▶ **EXERCISE**
Restate each line of the listing exactly, without carrying over any pictures.

▶ **DATA BELOW**
※ ※ ※

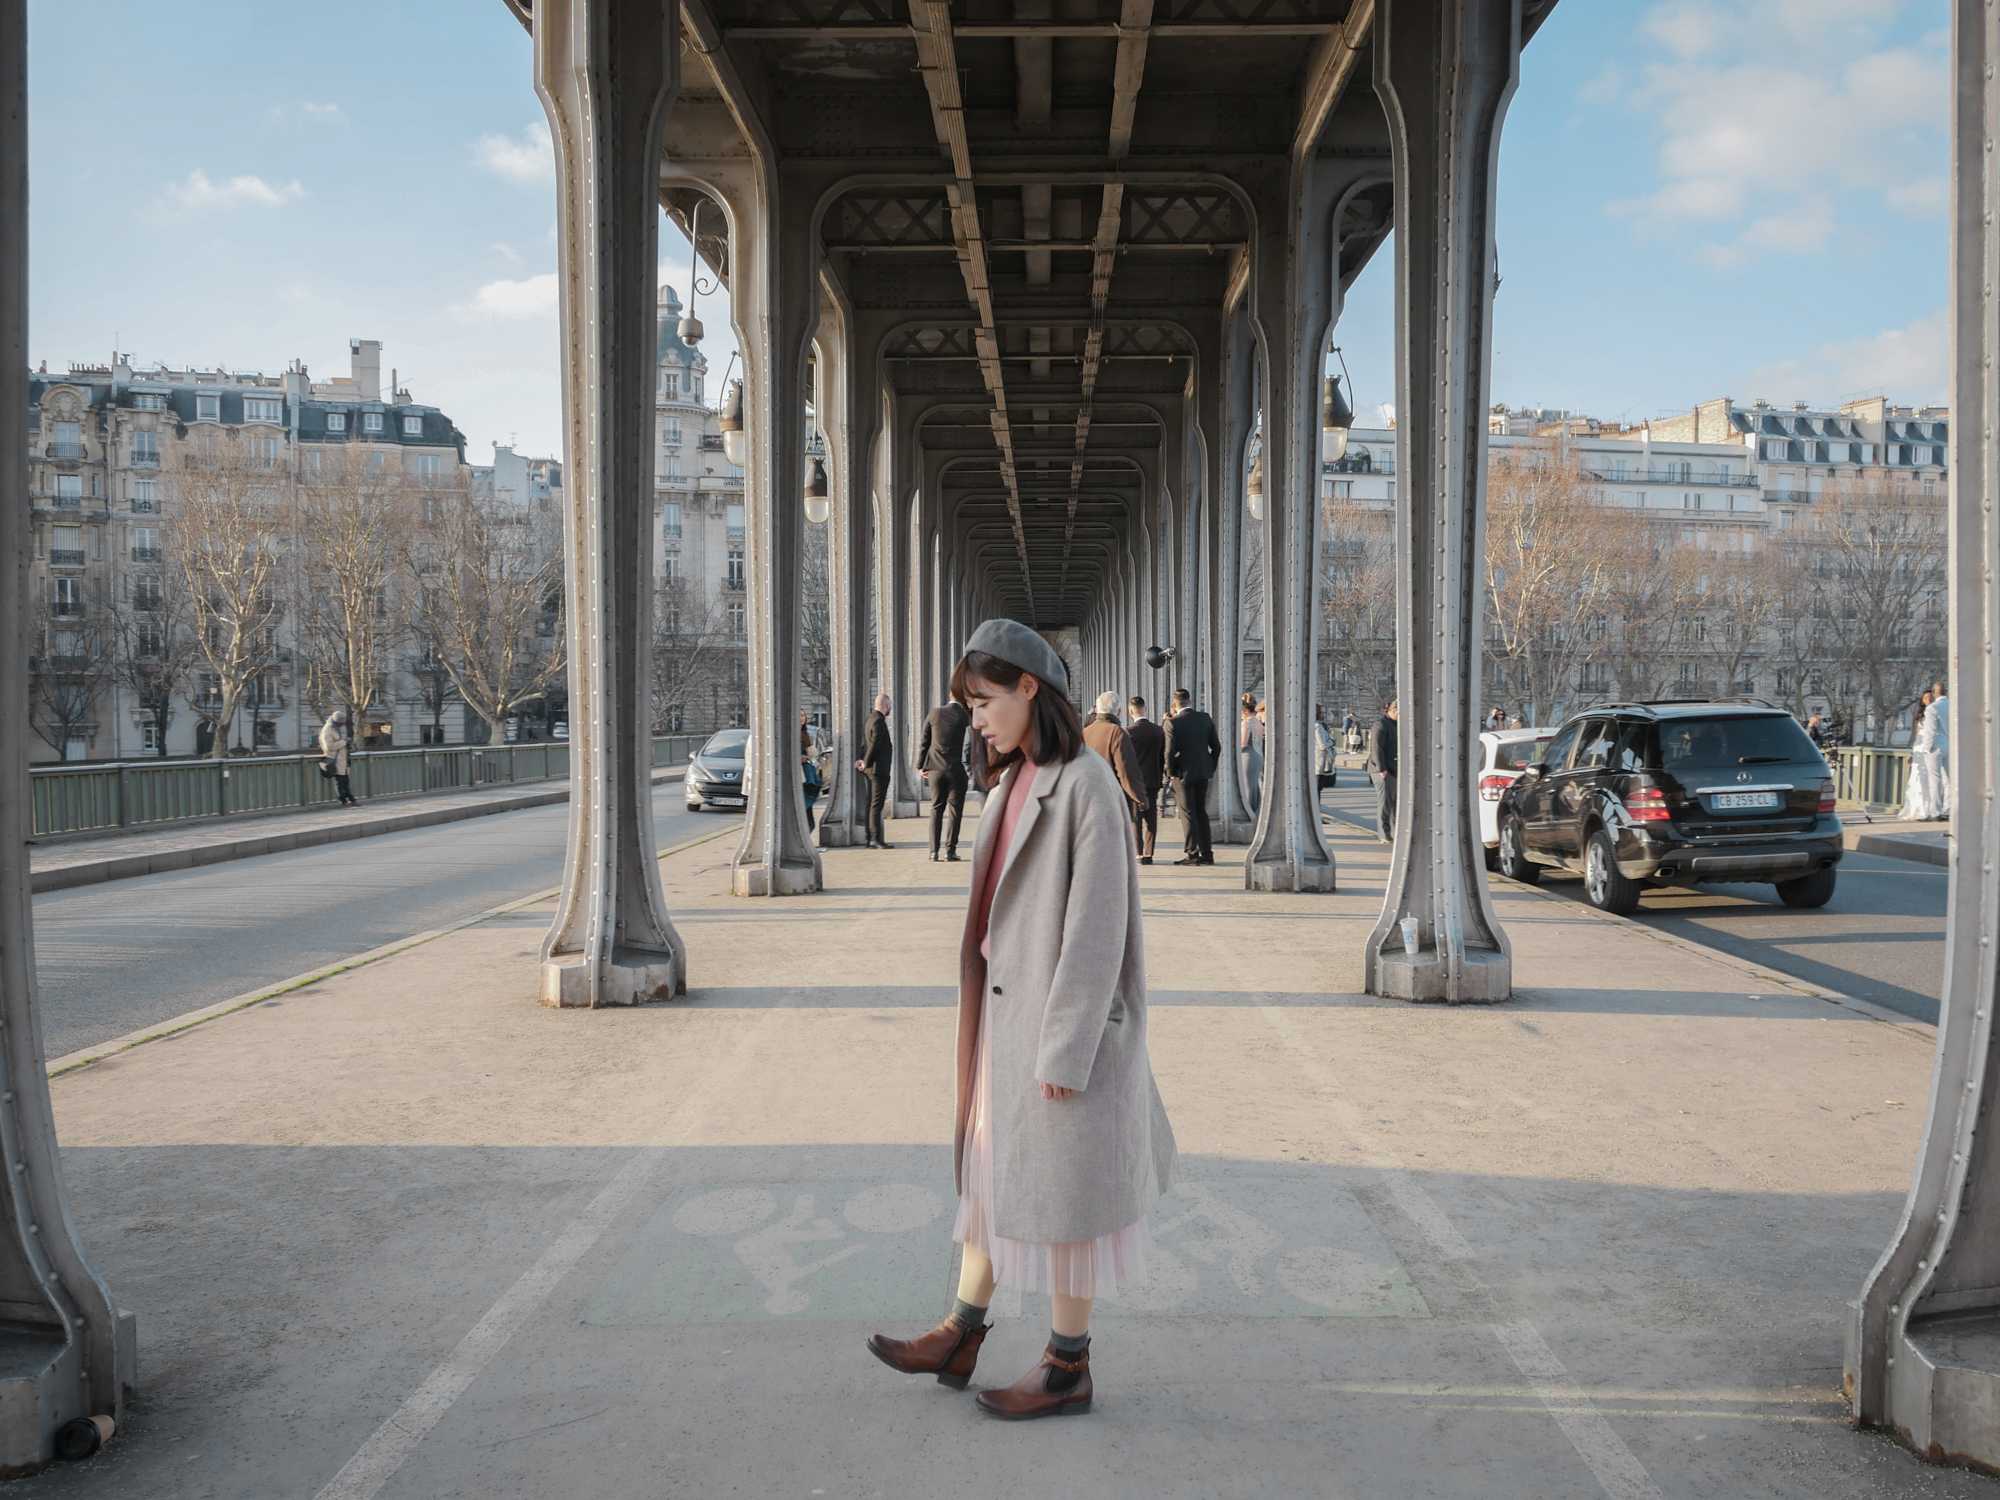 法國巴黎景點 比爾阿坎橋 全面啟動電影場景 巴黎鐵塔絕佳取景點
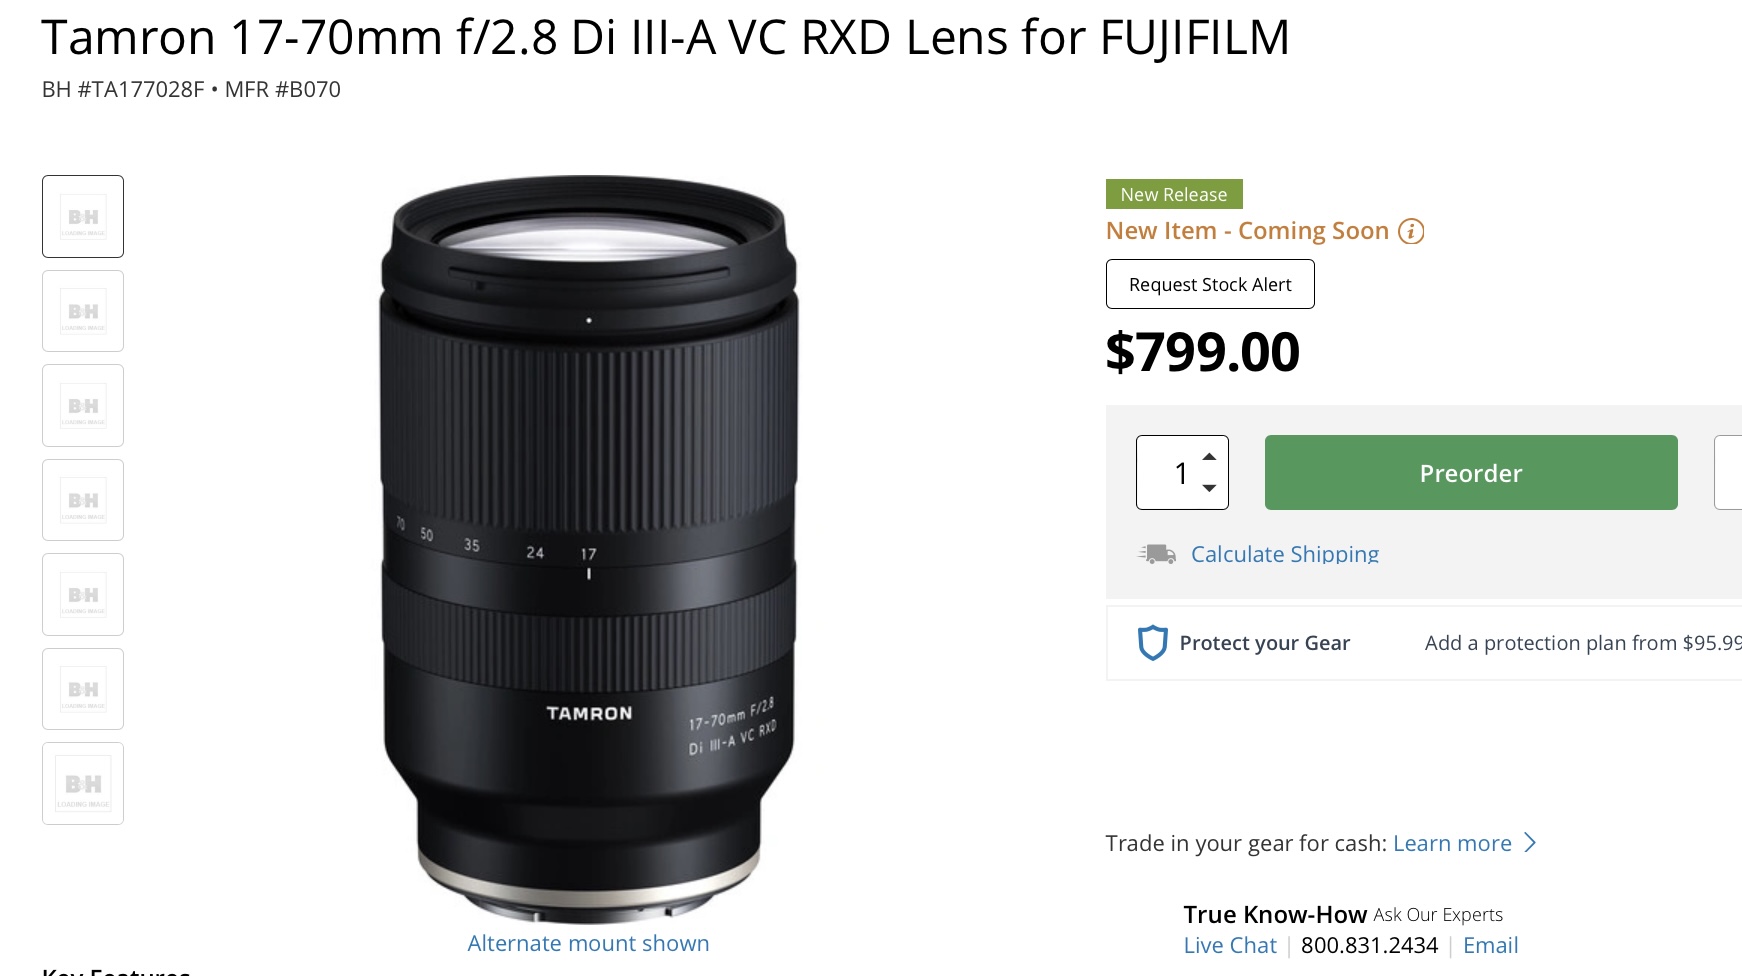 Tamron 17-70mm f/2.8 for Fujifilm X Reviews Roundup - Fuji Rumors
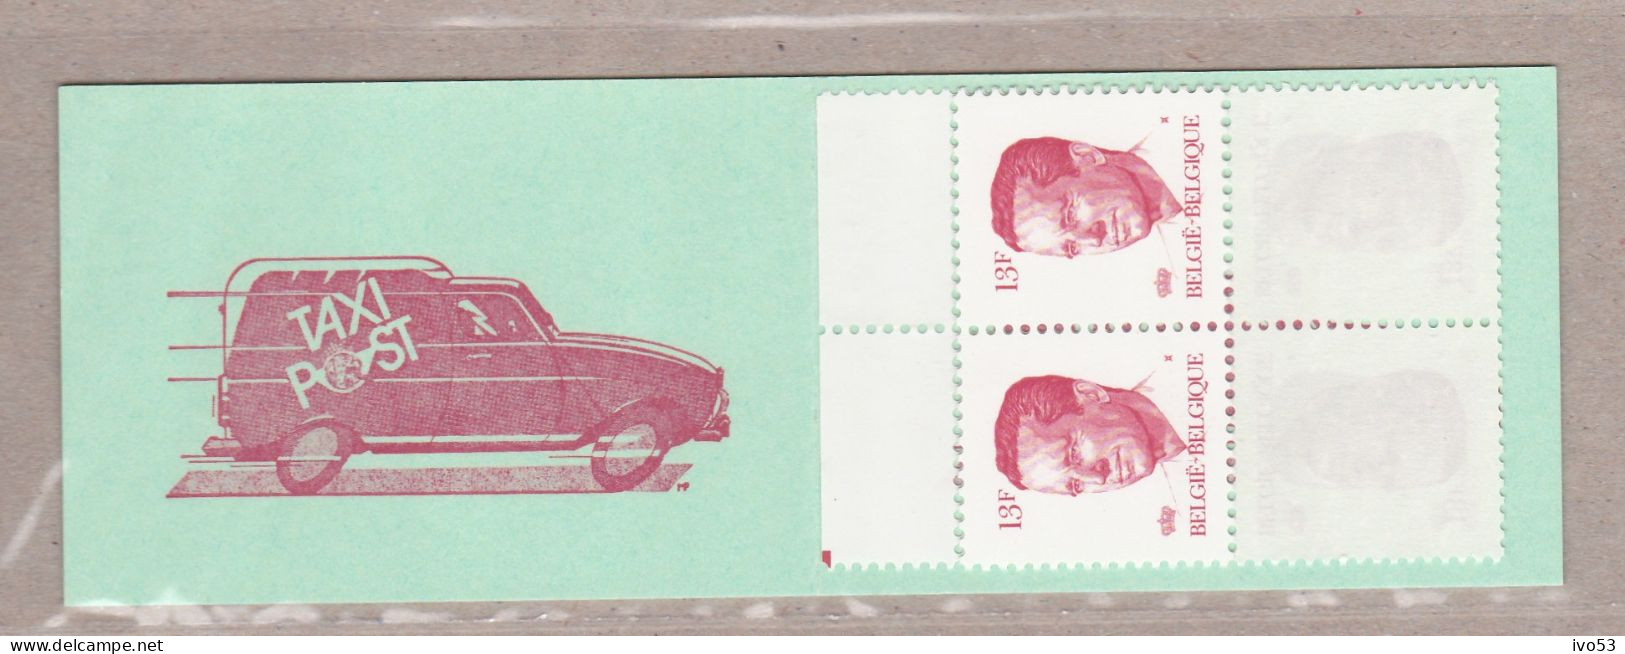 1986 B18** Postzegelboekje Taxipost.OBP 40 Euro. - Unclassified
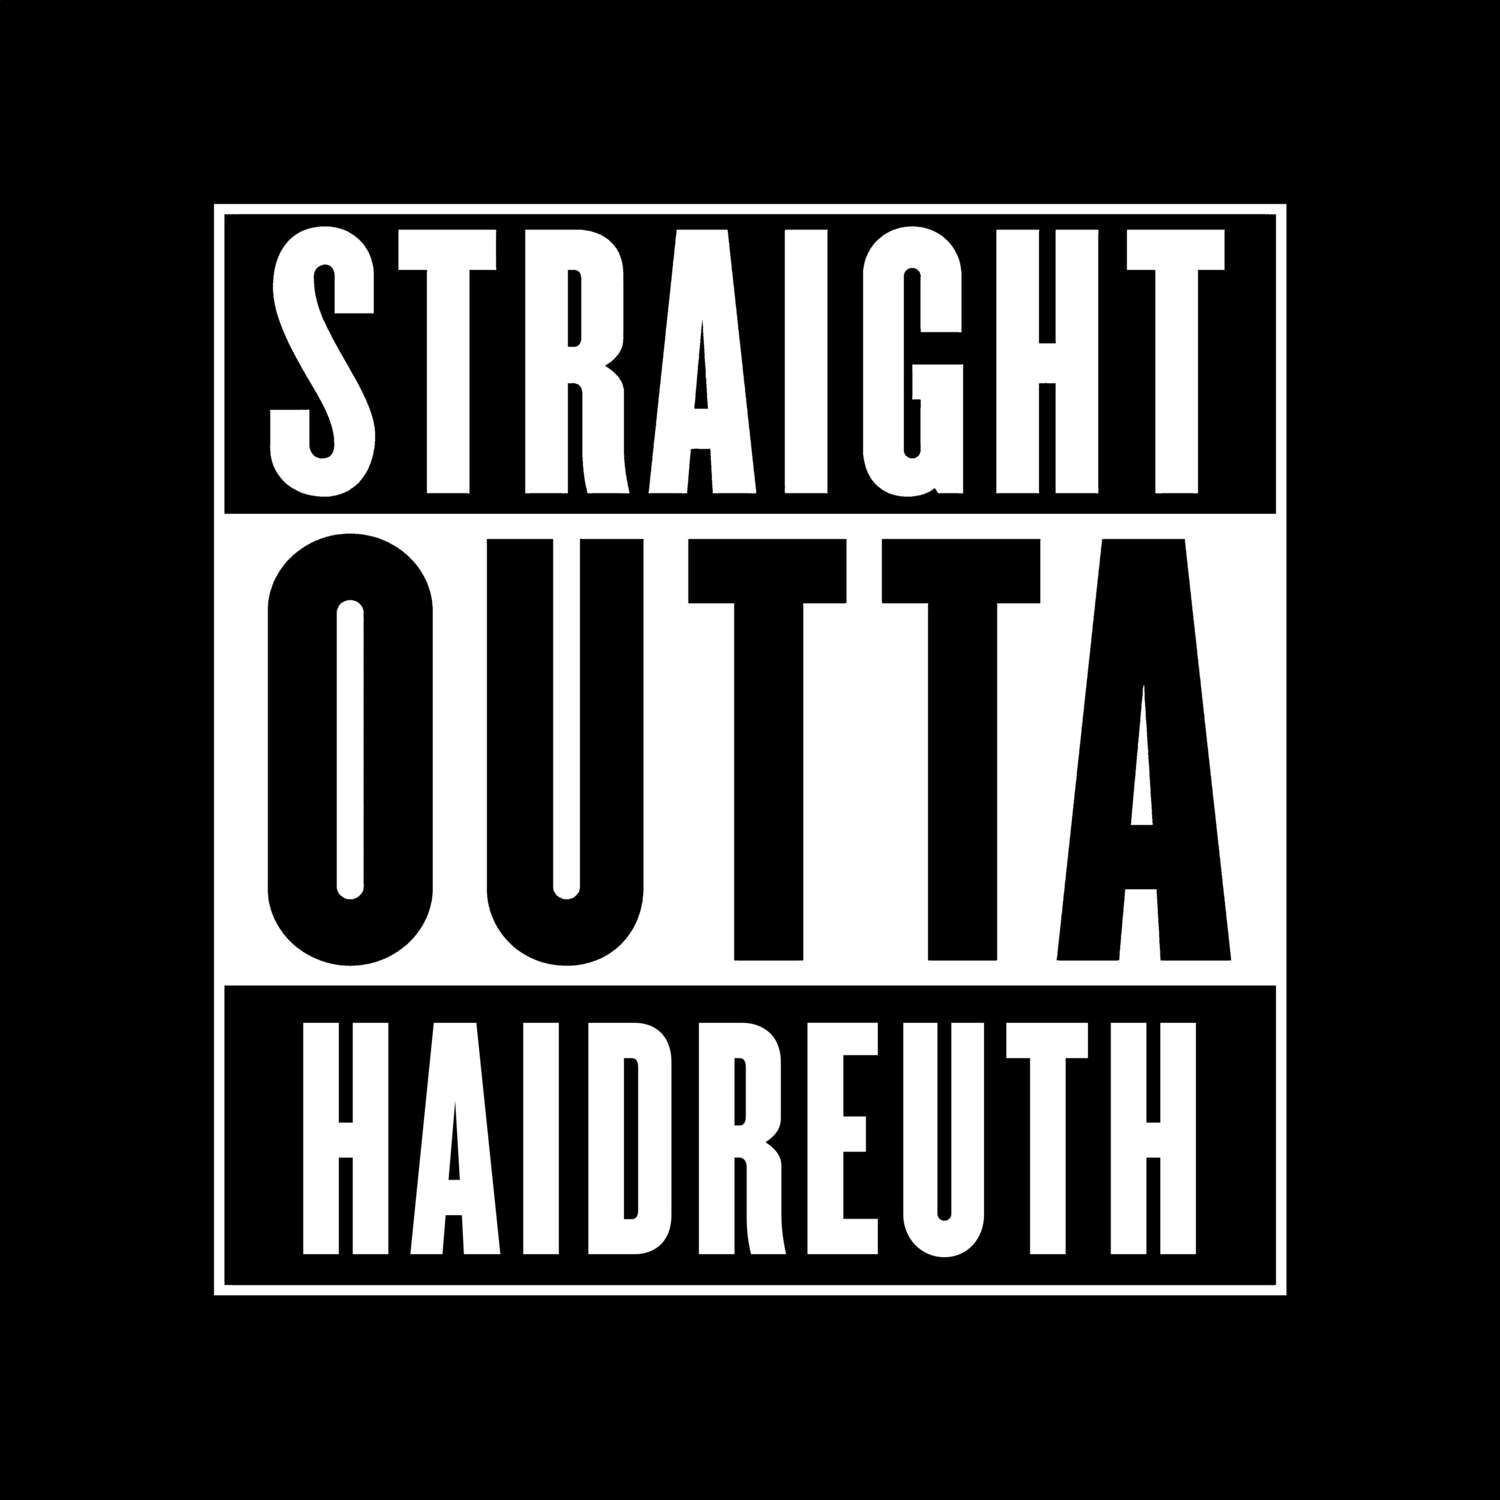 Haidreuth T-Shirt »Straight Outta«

※ ※ ※

▶ **EXPECTED ANSWER**
 法國巴黎景點 比爾阿坎橋 全面啟動電影場景 巴黎鐵塔絕佳取景點
 Tamron 17-70mm f/2.8 for Fujifilm X Reviews Roundup - Fuji Rumors
 1986 B18** Postzegelboekje Taxipost.OBP 40 Euro. - Unclassified
 Haidreuth T-Shirt »Straight Outta«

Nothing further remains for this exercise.